### [What the exercise asks]
Excluding pictures, transcribe precisely the lines from the one containing "ane donkey - Stock Image" to the final line of the listing below, inclusive, and nothing more.
[Data excerpt — start]
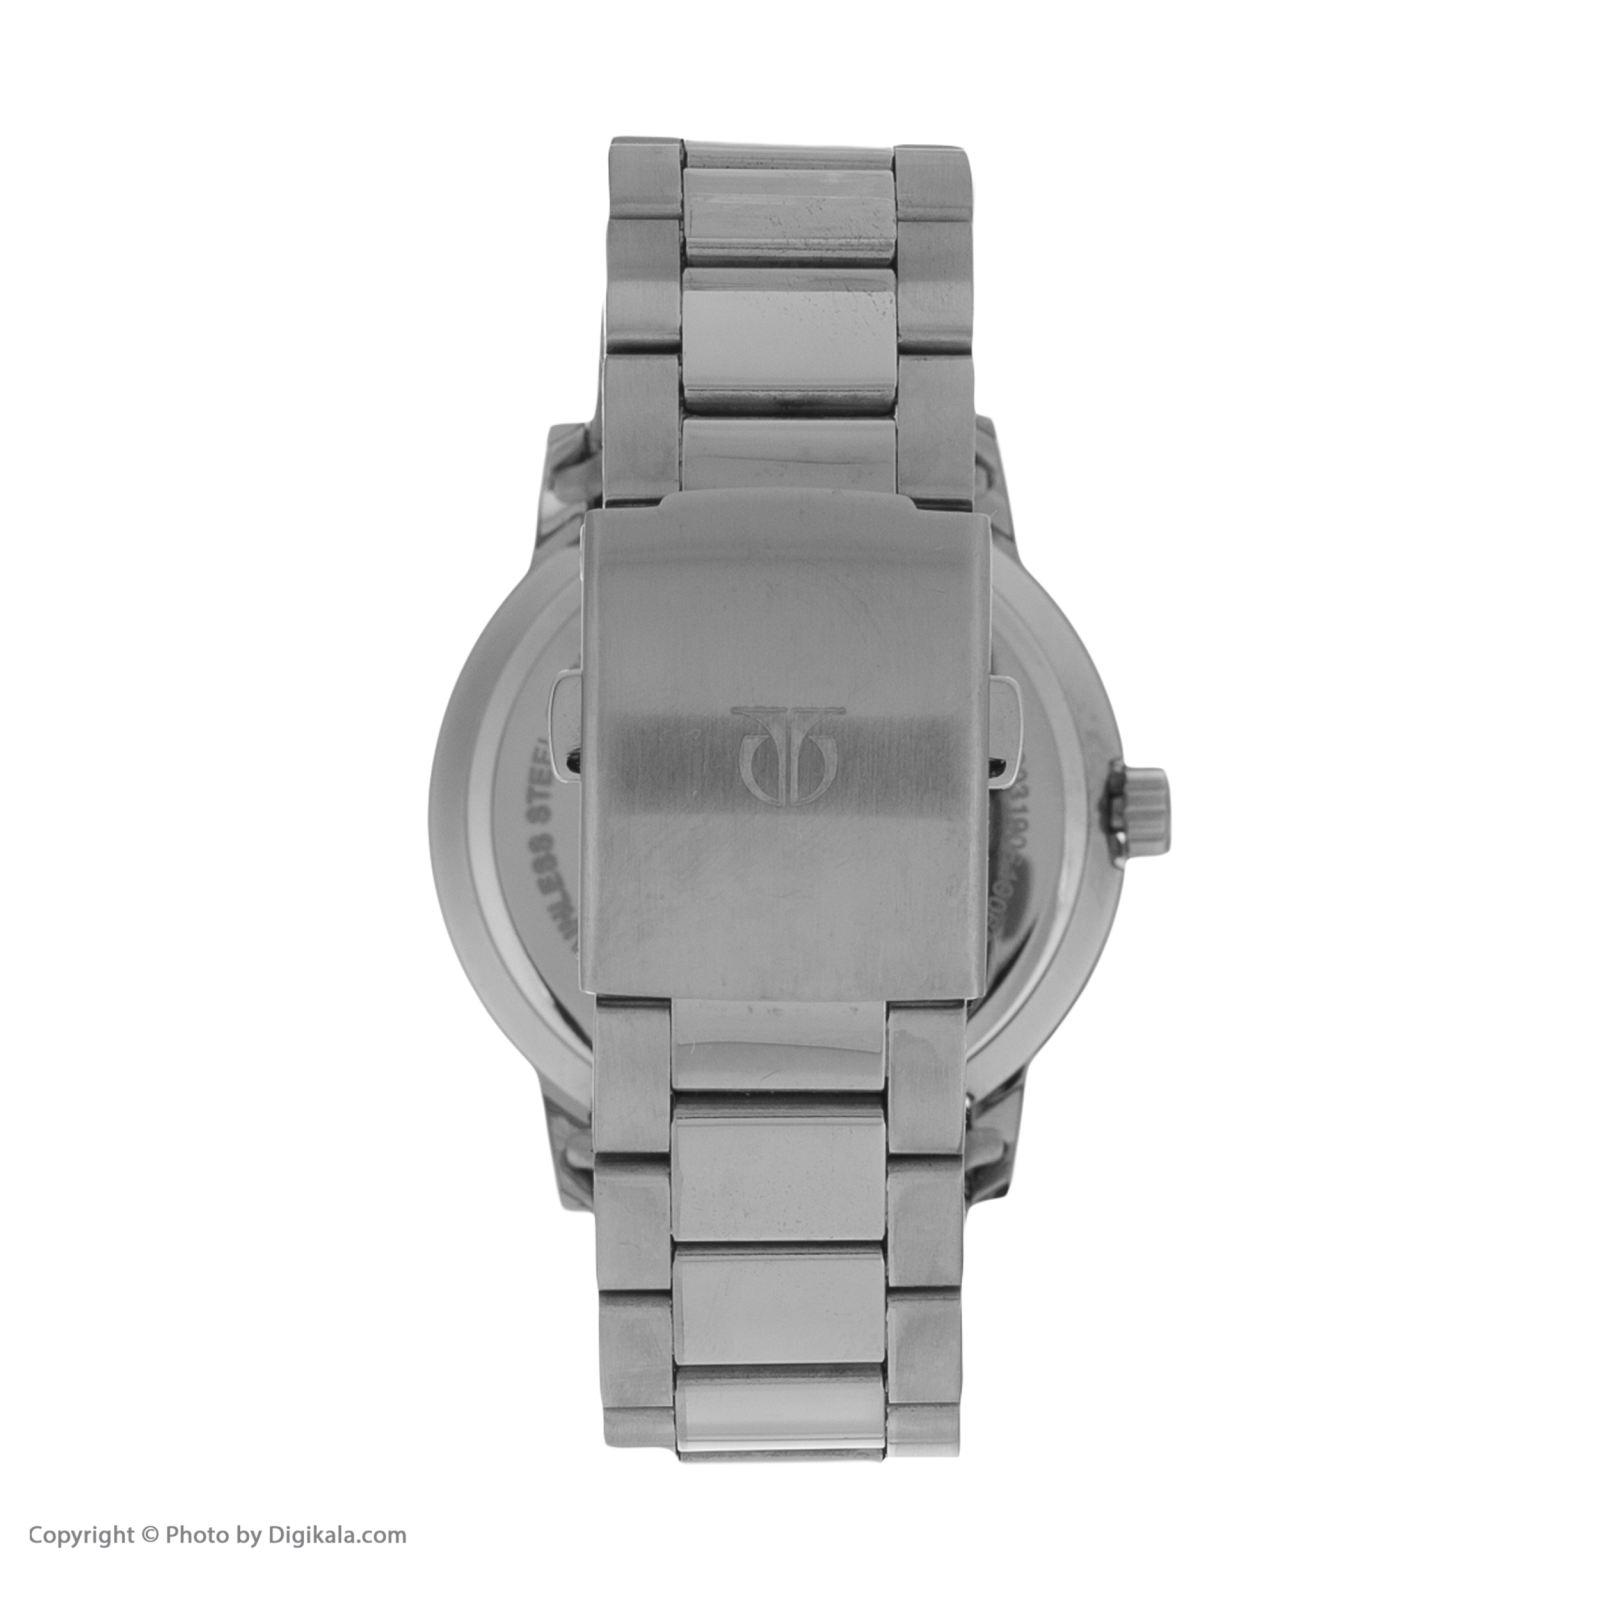 ساعت مچی عقربه ای مردانه تیتان مدل T1730SM03 -  - 3
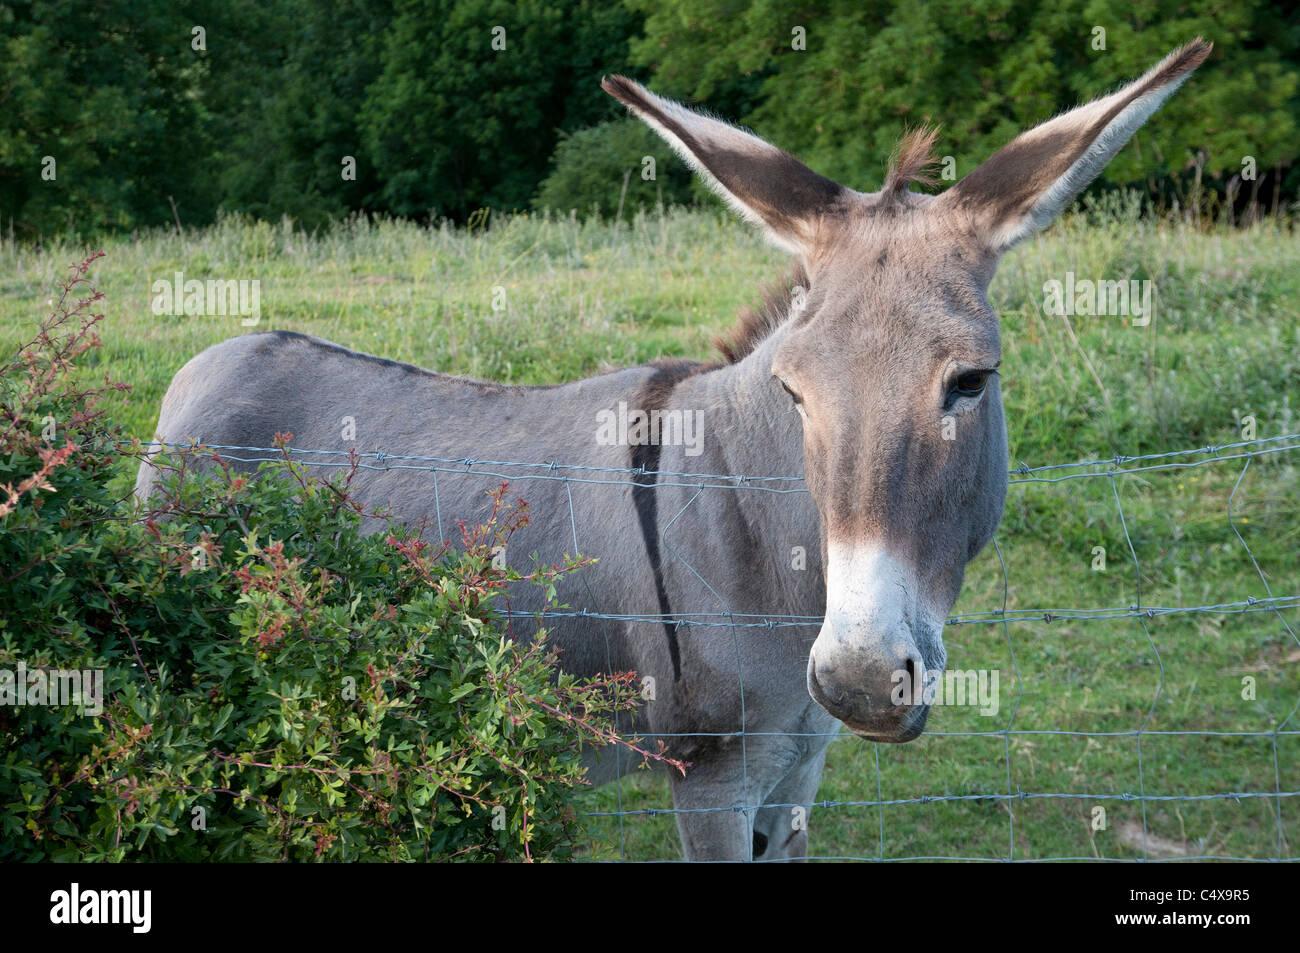 ane donkey - Stock Image
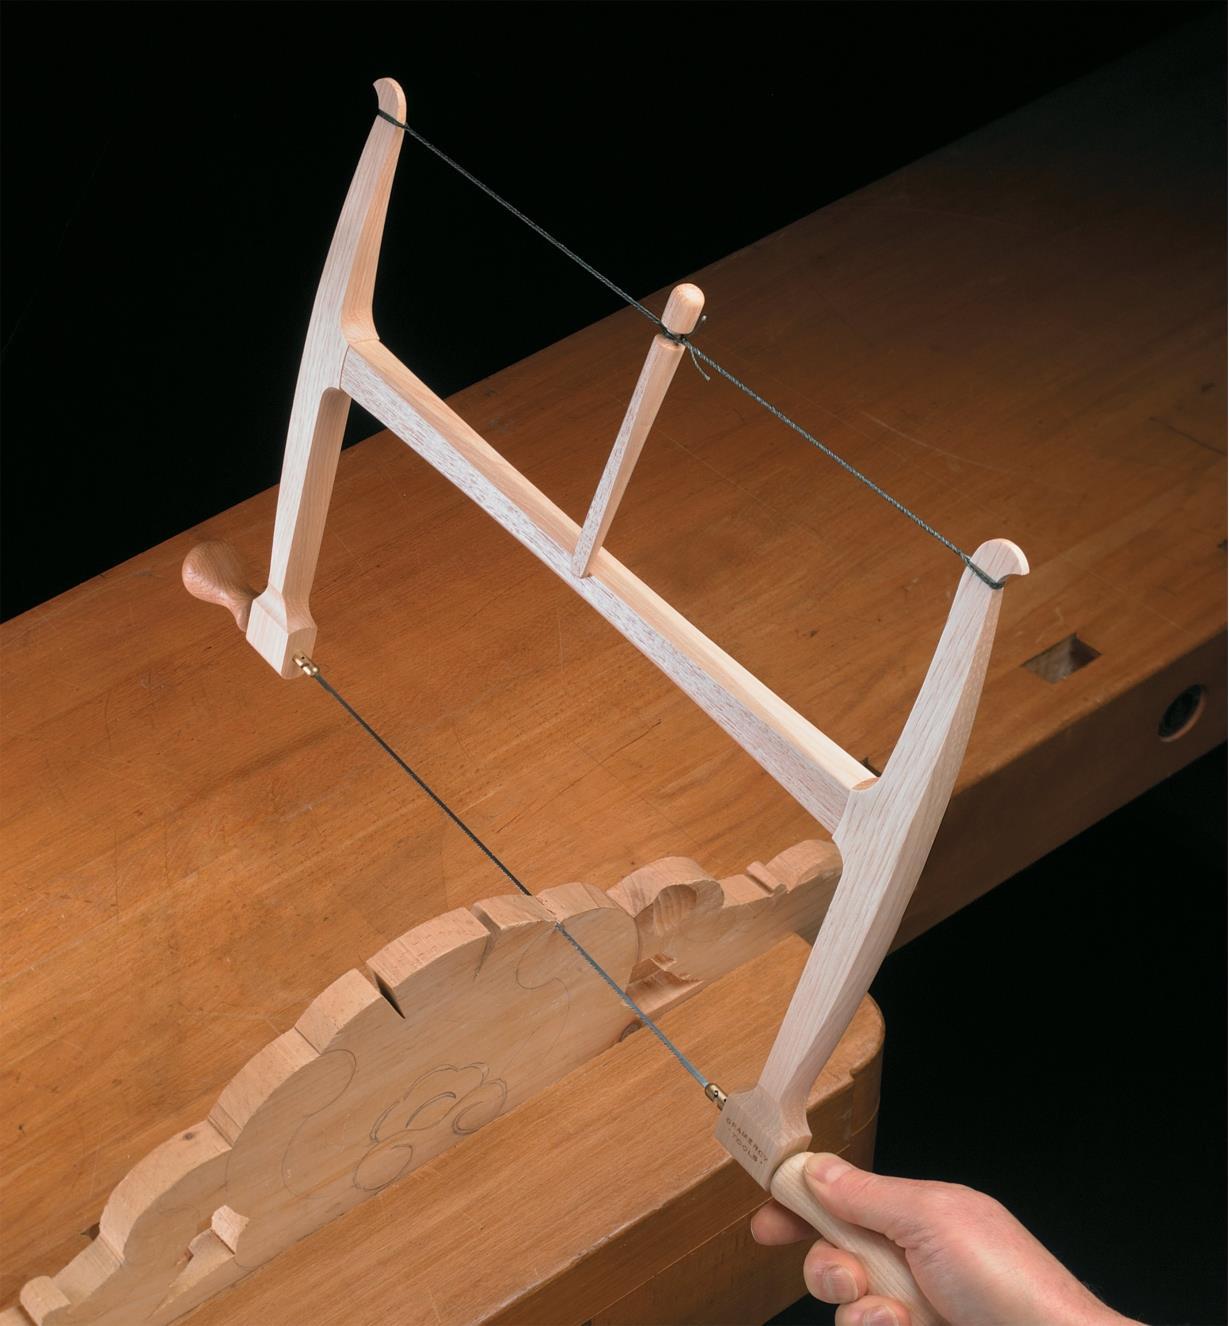 Cutting into a workpiece with a Gramercy Bow Saw
[Data excerpt — finish]
### [Task solution]
 ane donkey - Stock Image
 Cutting into a workpiece with a Gramercy Bow Saw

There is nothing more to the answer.